Galatro, Daniela; Trigo-Ferre, Rosario; Nakashook-Zettler, Allana; Costanzo-Alvarez, Vincenzo; Jeffrey, Melanie; Jacome, Maria; Bazylak, Jason; Amon, Cristina H.

doi:10.3390/a16030166

Open AccessArticle

Framework for Evaluating Potential Causes of Health Risk Factors Using Average Treatment Effect and Uplift Modelling

¹

Department of Chemical Engineering and Applied Chemistry, University of Toronto, Toronto, ON M5S 3E5, Canada

²

Faculty of Applied Science and Engineering, University of Toronto, Toronto, ON M5S 3E5, Canada

³

Department of Mechanical and Industrial Engineering, University of Toronto, Toronto, ON M5S 3G8, Canada

⁴

Centre for Indigenous Studies, University of Toronto, Toronto, ON M5S 2J7, Canada

⁵

Faculty of Applied Sciences and Technology, Humber Institute of Technology and Advanced Learning, Toronto, ON M9W 5L7, Canada

^*

Author to whom correspondence should be addressed.

Algorithms 2023, 16(3), 166; https://doi.org/10.3390/a16030166

Submission received: 1 March 2023 / Revised: 15 March 2023 / Accepted: 18 March 2023 / Published: 19 March 2023

(This article belongs to the Special Issue Deep Learning Architecture and Applications)

Download

Browse Figures

Review Reports Versions Notes

Abstract

:

Acute myeloid leukemia (AML) is a type of blood cancer that affects both adults and children. Benzene exposure has been reported to increase the risk of developing AML in children. The assessment of the potential relationship between environmental benzene exposure and childhood has been documented in the literature using odds ratios and/or risk ratios, with data fitted to unconditional logistic regression. A common feature of the studies involving relationships between environmental risk factors and health outcomes is the lack of proper analysis to evidence causation. Although statistical causal analysis is commonly used to determine causation by evaluating a distribution’s parameters, it is challenging to infer causation in complex systems from single correlation coefficients. Machine learning (ML) approaches, based on causal pattern recognition, can provide an accurate alternative to model counterfactual scenarios. In this work, we propose a framework using average treatment effect (ATE) and Uplift modeling to evidence causation when relating exposure to benzene indoors and outdoors to childhood AML, effectively predicting causation when exposed indoors to this contaminant. An analysis of the assumptions, cross-validation, sample size, and interaction between predictors are also provided, guiding future works looking at the universalization of this approach in predicting health outcomes.

Keywords:

acute myeloid leukemia; risk factors; average treatment effect; uplift modelling; machine learning; benzene

1. Introduction

Acute myeloid leukemia (AML) is a cancer of the myeloid line of blood cells; AML starts in the blood stem cells and is characterized by its rapid growth [1]. While AML is the most common type of leukemia in adults, it also affects children; and about 500 children are diagnosed with AML in the U.S. annually [2]. Childhood AML is most prevalent during the first two years of life and adolescence. Epidemiological and genetic studies have confirmed that most infant leukemias develop in utero [3,4].

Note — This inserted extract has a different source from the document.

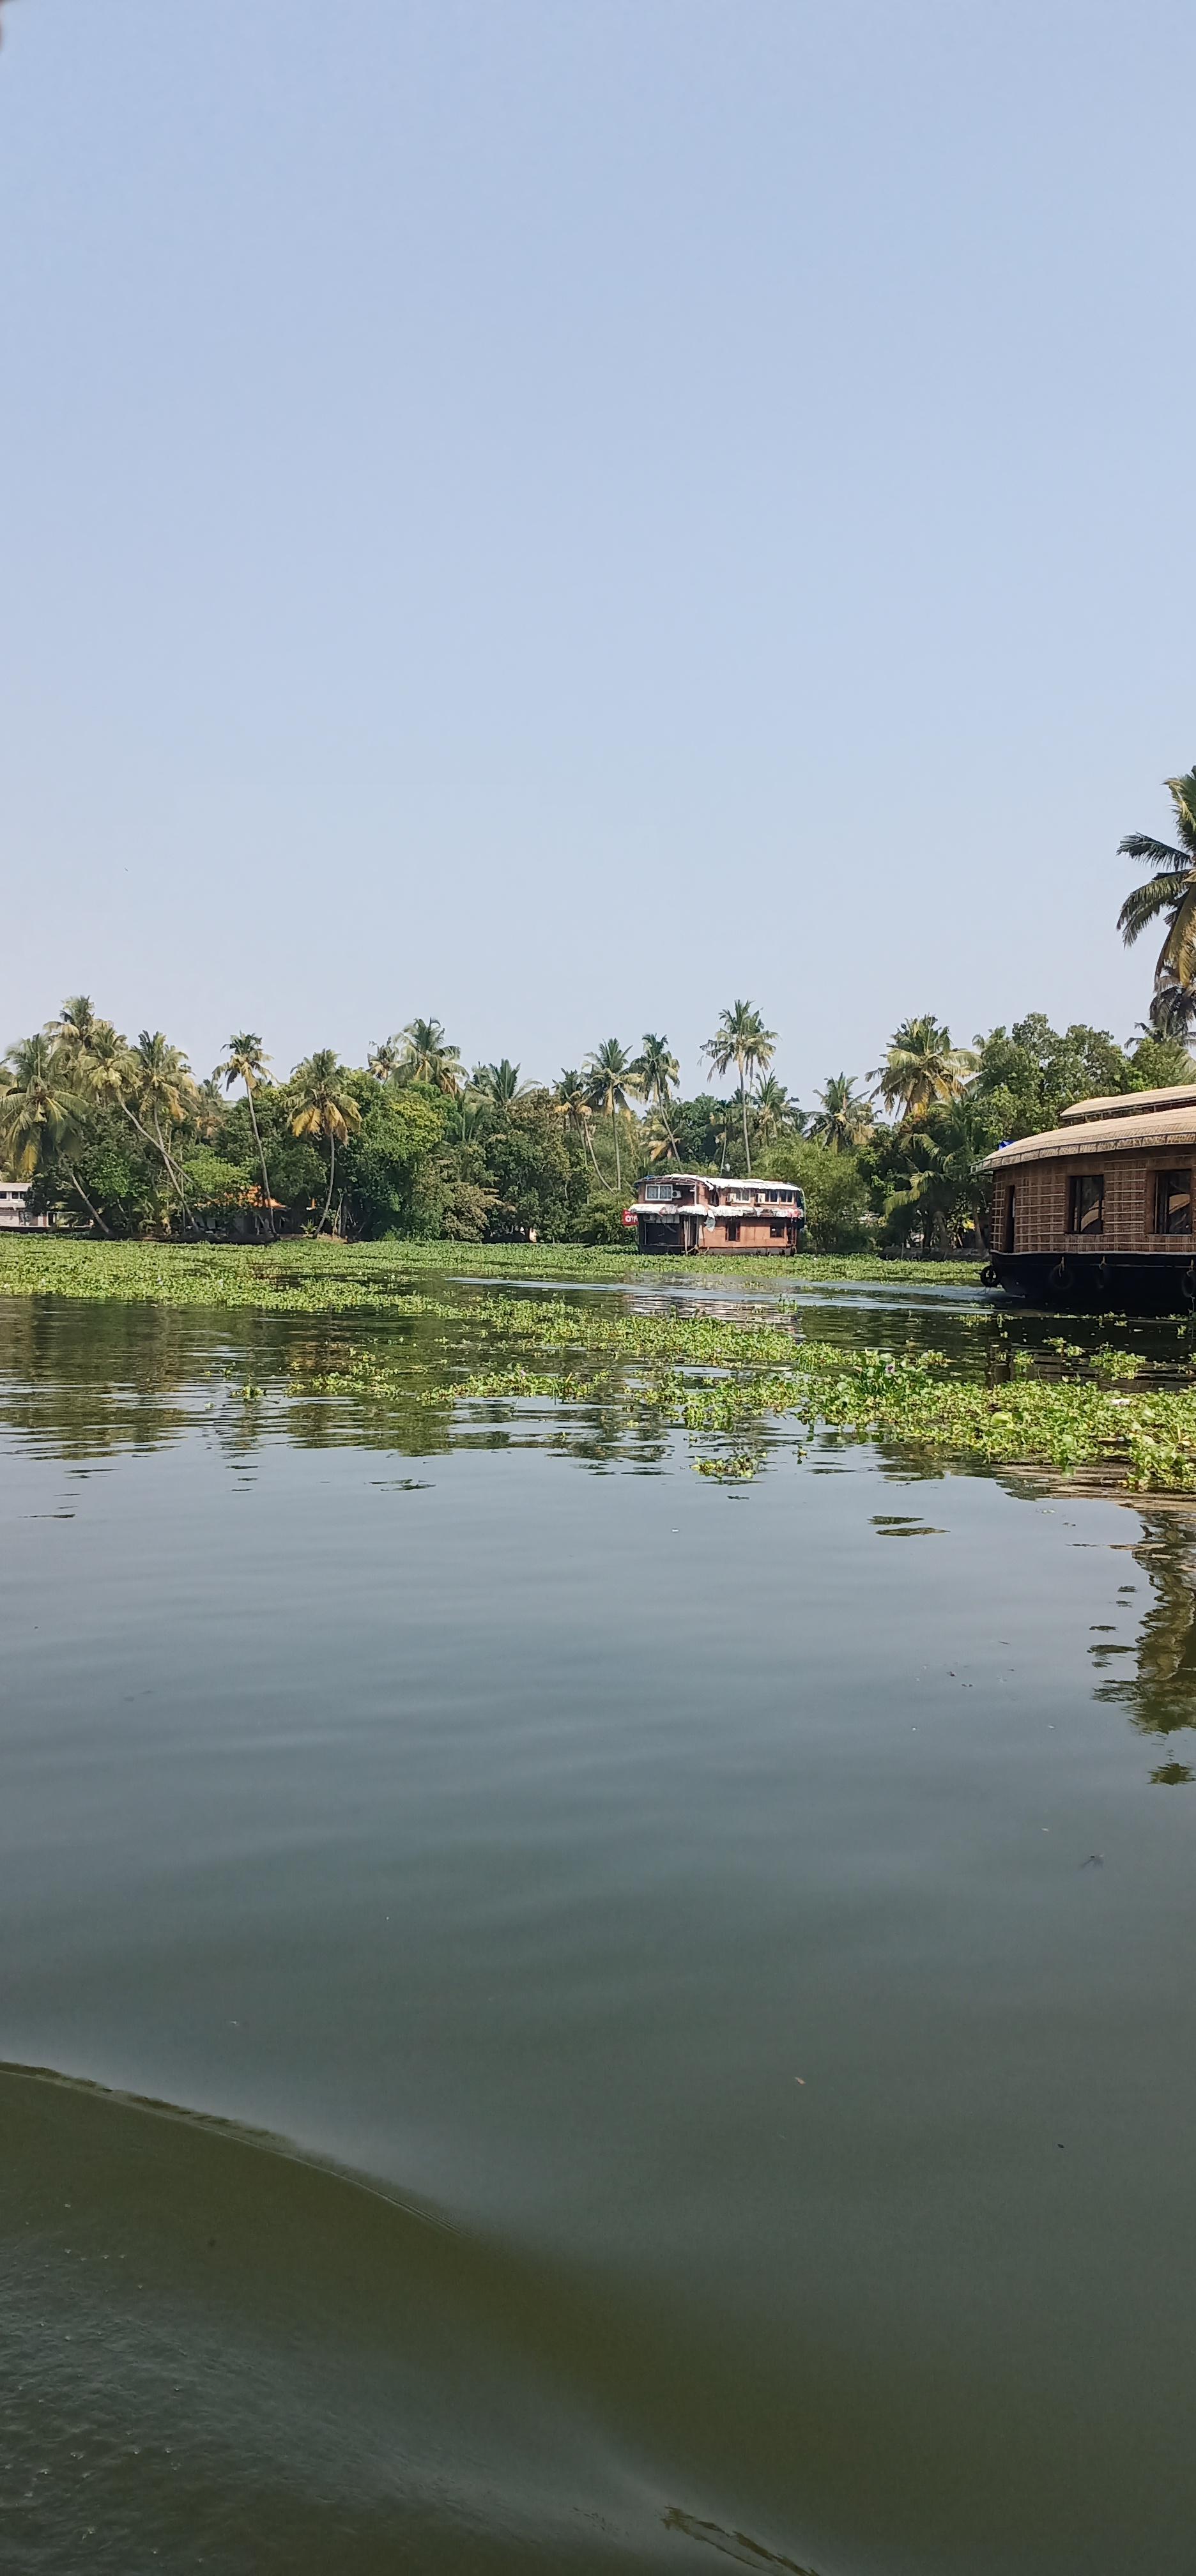 Alleppy_Backwaters_Kerala_6

Chemical exposure to significant benzene concentrations is reported as a possible cause of AML in occupationally exposed workers [5]. Benzene exposure has also been reported to increase the risk of developing AML in children. Most existing reports are retrospective case-control studies [6], which are inherently limited since benzene exposure is typically measured indirectly (biased) as parents of sick versus healthy children may differentially recall them [5].

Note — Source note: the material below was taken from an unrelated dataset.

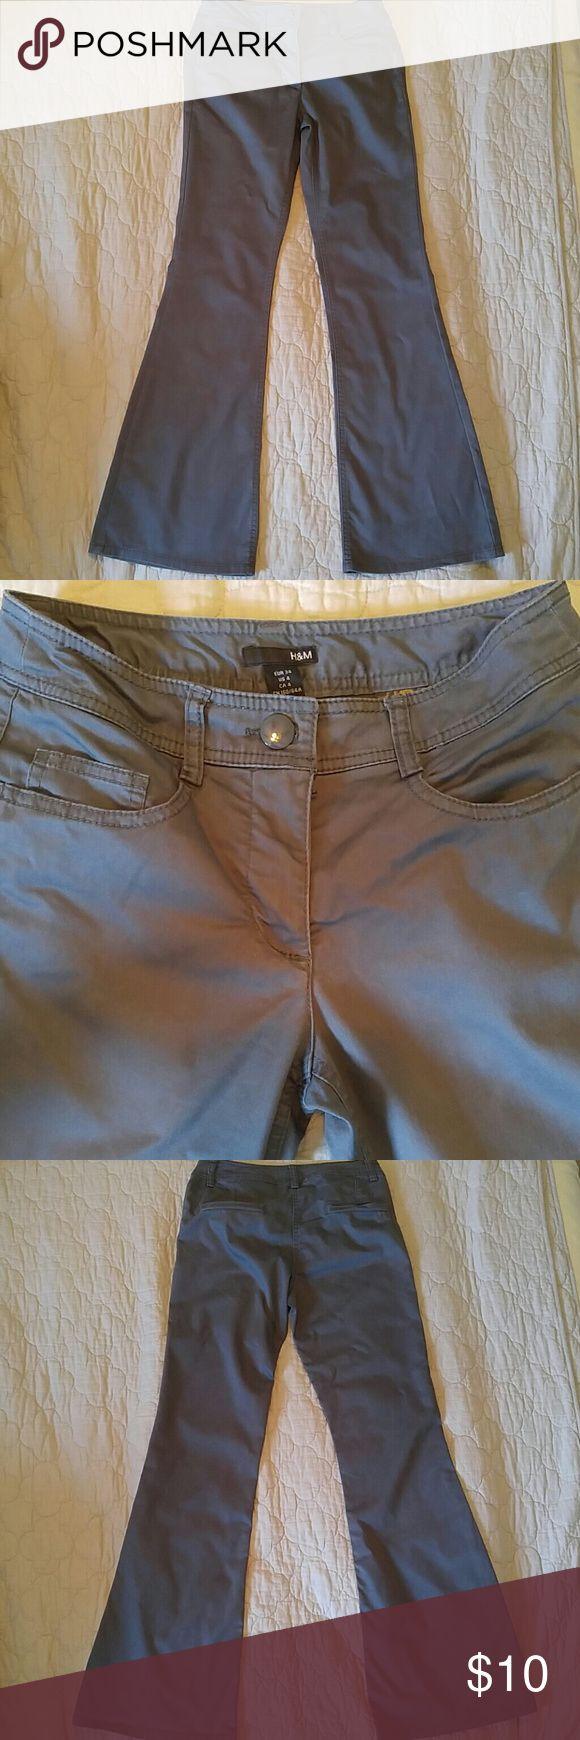 H&M Women's Grey Dress Pants Size 4 H&M Women's Grey Dress Pants Size 4 H&M Pants Boot Cut & Flare

Moreover, some positive findings may be due to confounding factors instead, as other biases are added when specific segments of the population are under-represented in the study or control cohorts [6]. It has also been noted that exposure to various solvents and hydrocarbons increases the chance of developing childhood AML [7,8]. Both groups of chemicals fall into a vast range of toxicological profiles, benzene being the one of greatest concern.

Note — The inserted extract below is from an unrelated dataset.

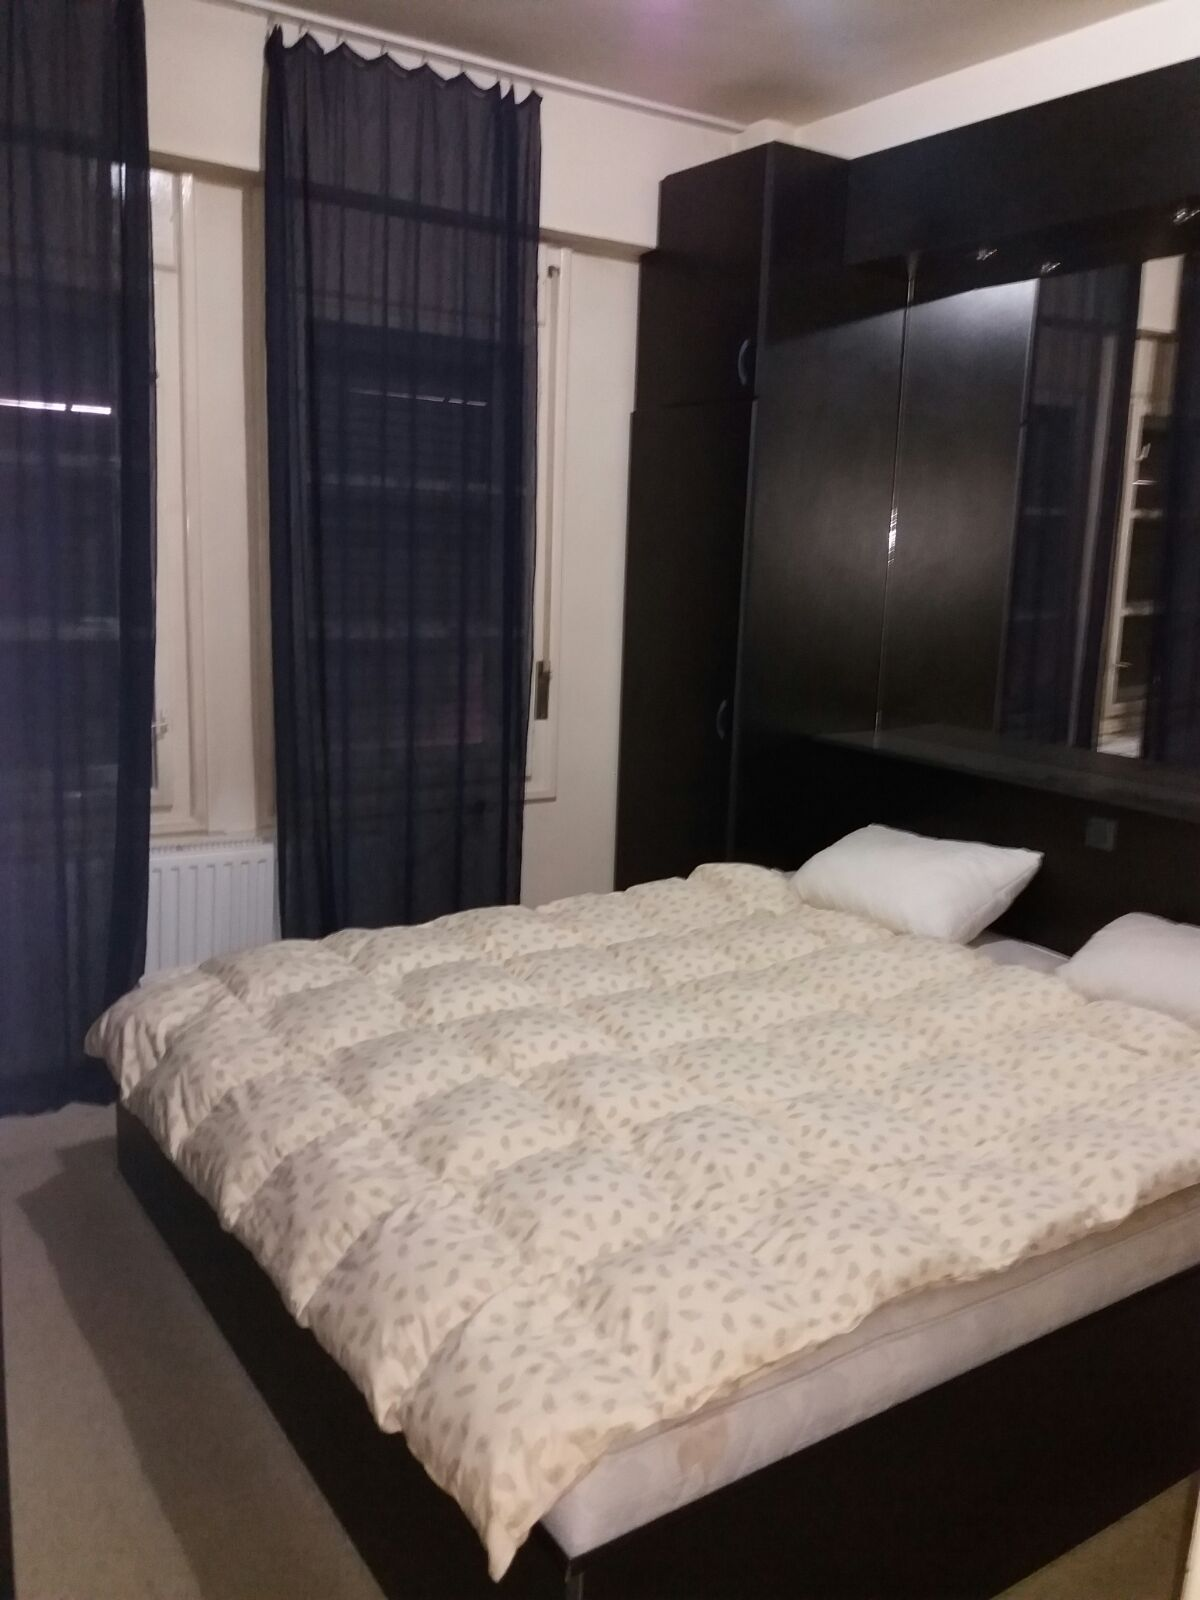 Inchiriez apartament 5 camere zona Boul Rosu

In the following subsections, we briefly review the traditional approaches to establishing the relationship between Benzene Exposure and AML and current trends in estimating causation for health outcomes using Machine Learning outcomes.

1.1. Traditional Approaches to Establishing the Relationship between Benzene Exposure and AML

The Bradford Hill criteria [9,10] have been extensively used to evaluate causation when human epidemiologic relationships are found between exposure to a contaminant such as benzene and the disease outcome, such as AML or other hematopoietic and pulmonary diseases [10]. Despite its extensive use, this method is still debated among epidemiologists, as they question, among many arguments, its scope of application and the possibility of ruling out causality in some specific scenarios.

The assessment of the potential relationship between environmental benzene exposure and childhood AML includes studying exposures prior to conception, during pregnancy, or while breastfeeding [5]. Parental exposure to benzene, for instance, has been studied as a potential risk factor for infant AML, with conflicting results among researchers. Kaatsch et al. [11] and Shu et al. [12] did not find any association between parental exposure and childhood AML. On the other hand, Buckley et al. [13] and Magnani et al. [14] reported elevated rates of childhood AML associated with benzene, solvents, and paternal petroleum occupational exposure (prenatal).

Households’ exposures to benzene have also been investigated, showing no increases in childhood AML related to home use of solvents [15,16]. Nevertheless, cigarette smoke, the main non-occupational source of benzene, is associated with an increased risk of developing this disease, even at low-level exposure to benzene, through parental smoking during pregnancy [17,18].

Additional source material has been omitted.